Matt Saltzman: Got it. Thank you. Appreciate the thorough answer.

Operator: Our next question comes from Ryan MacDonald from Needham & Company. Please go ahead. Your line is open.

Ryan MacDonald: Hi, Chip and Paul. Thanks for taking my question and congrats on all the great progress you've made this quarter.

Chip Paucek: Thanks, Ryan.

Ryan MacDonald: Maybe enrollments. Obviously, we're seeing in the fall numbers that grad enrollments are declining. But I'd be curious, given the pipeline activity you're talking about a lot of new programs coming on, I'd be curious to hear what you're seeing in terms of new applications as you think about the 2023 cohorts and whether or not sort of the tough macro is translating into sort of a tailwind to enrollment at all?

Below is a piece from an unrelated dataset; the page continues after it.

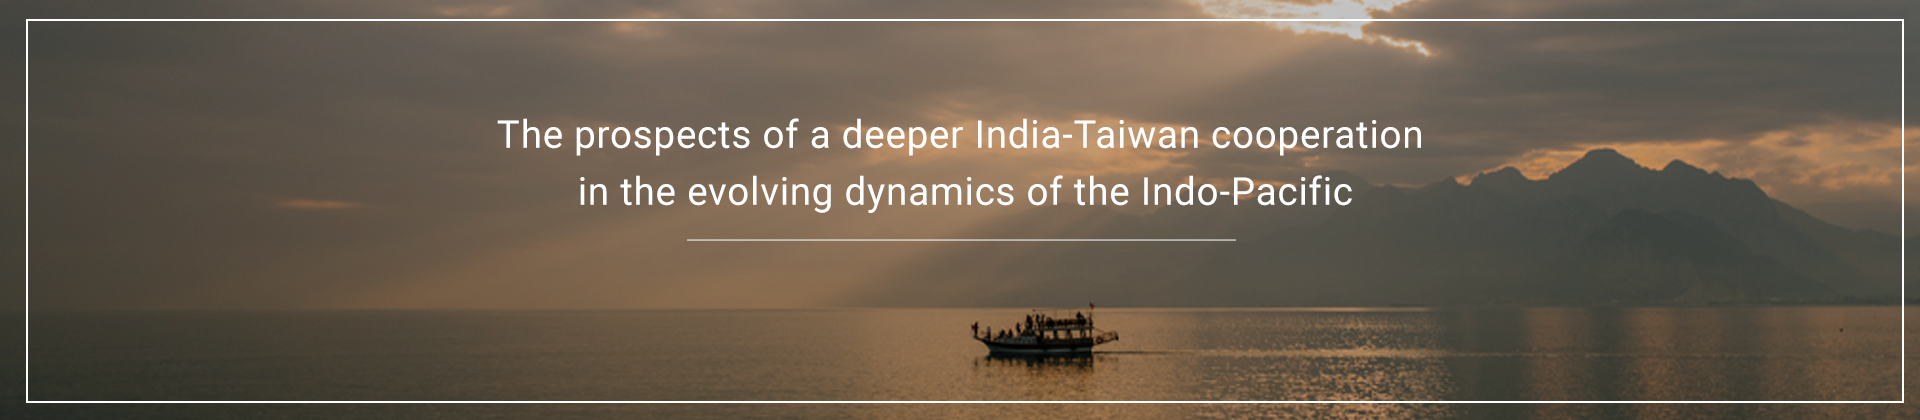 The prospects of a deeper India-Taiwan cooperation in the evolving dynamics of the Indo-Pacific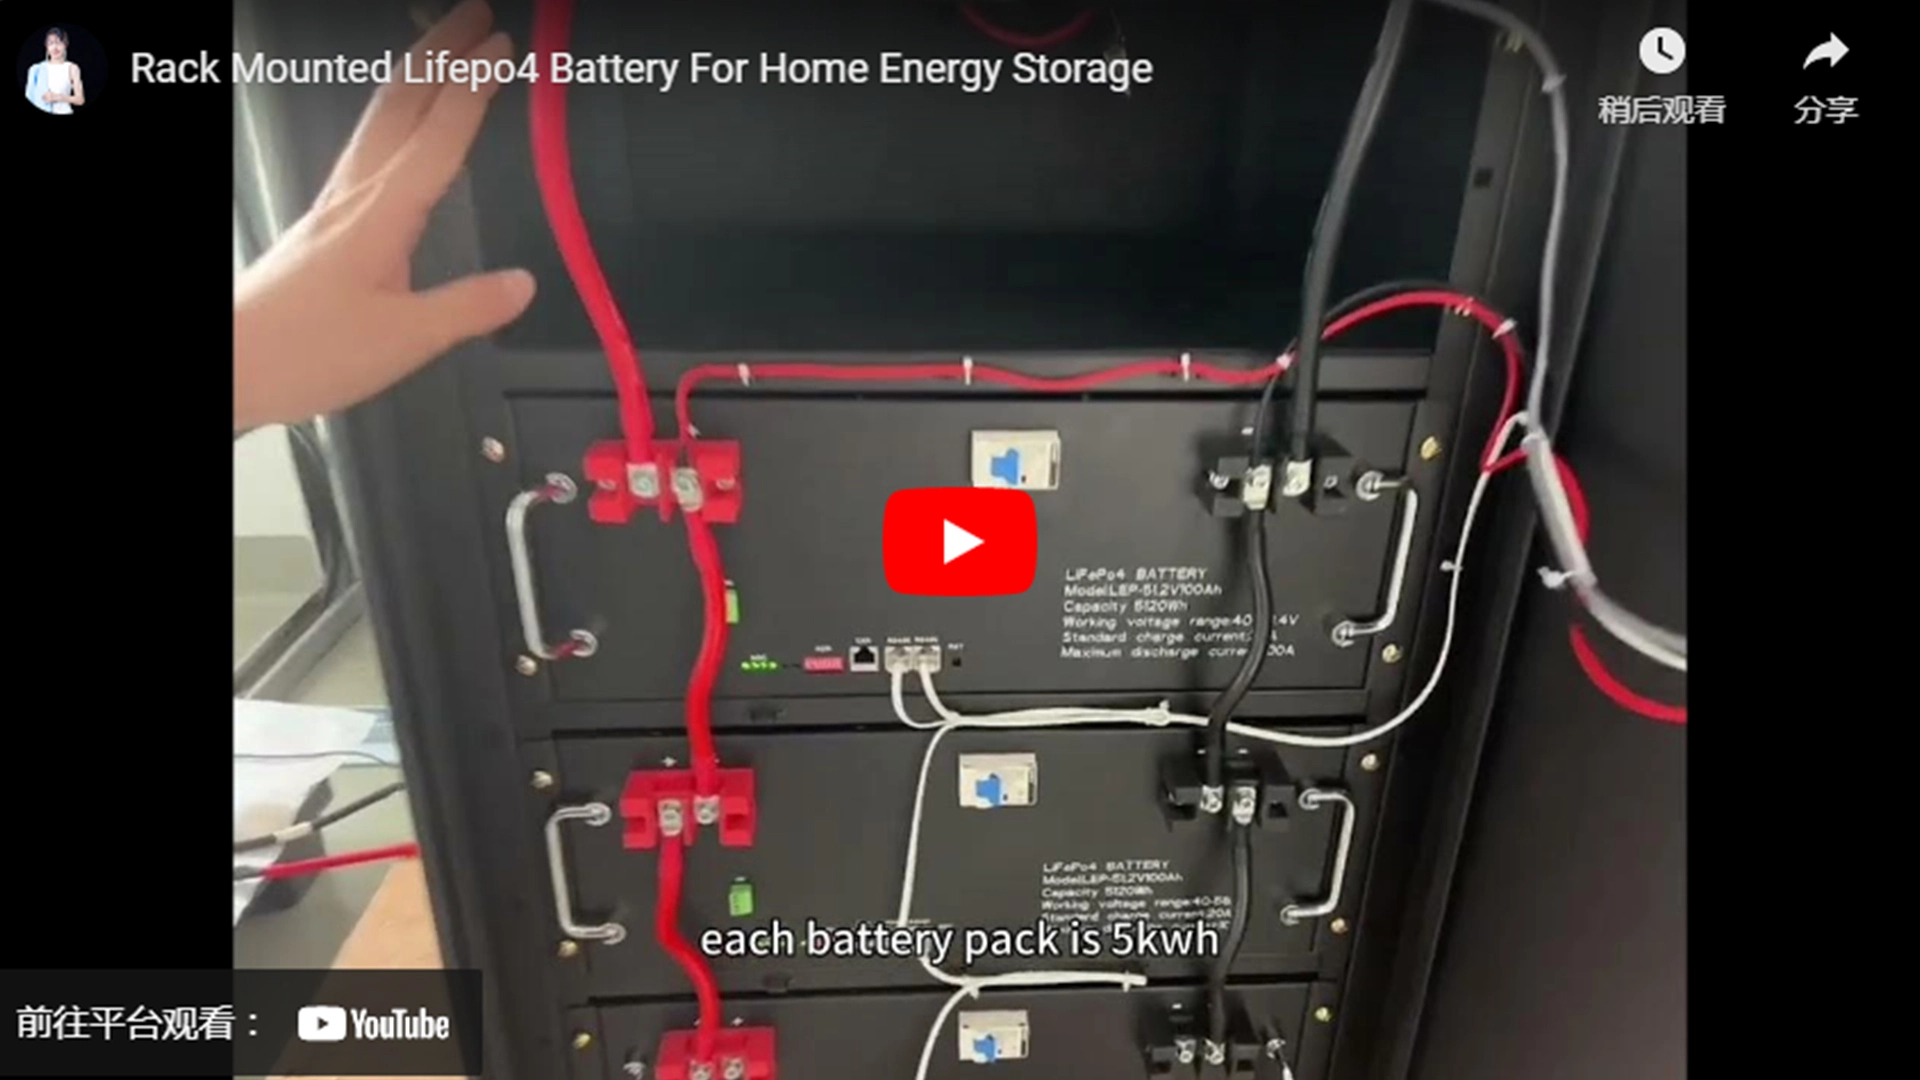 Rack Mounted Lifepo4 Battery For Home Energy Storage

Chip Paucek: Yeah. So Ryan, it's interesting, everybody's degree business really across the entire industry declined. Ours is pretty resilient. We did see a little bit of decline, but pretty resilient in part. More than half of our business is helping enhance disciplines or licensure focused disciplines and those tend to have a little bit more resiliency. The macro is tough on degree. In general, as the job market starts to get worse, not to root for layoffs for the world, but the reality is that is definitively good for the degree business. Higher Ed has a long history of that. We do think as the economy gets tougher, we're probably exiting one of the hardest demand environments for really in the history of the degree space overall. And we think we're probably likely heading into rougher waters for the world, but clearer waters for the degree business, if that makes sense. So now the flip side of that is, we're definitely seeing on the front end, the Boot Camp side, in particular is really cooking. And that actually does think historically where job focused programs do typically get the boost first. As you mentioned, we do think this flex model is meaningful, launching many of those programs while they won't be as large, we do think that they will be profitable, nicely profitable. And we also think that they don't have the kind of J curve associated with the cash burn because the course build is on the university side and the paid marketing is different. The share of voice we can achieve on Google now is meaningful because of the platform. So really like what that strategy means for getting the degree business back to growth in 2024. In 2023, we are going to grow, to be clear, and we're going to grow faster than we just grew this year. We do like the direction of parts of the business, not just enterprise. But the reality is all degree businesses have been in a bit of a tough tape here. So we thought ours was pretty good given the circumstances.

Ryan MacDonald: Thanks (ph) very much. So that's helpful. And then on the Flex program, it's great to hear about the strong pipeline you're building, but I'm curious how it's altering the conversations with existing partners. I guess on one side, should we expect -- does this create an opportunity for early renewals and expansions of existing contracts? And if so, should investors expect any sort of transitionary period from the modeling perspective as they shift from maybe the traditional model to a flex? Thanks.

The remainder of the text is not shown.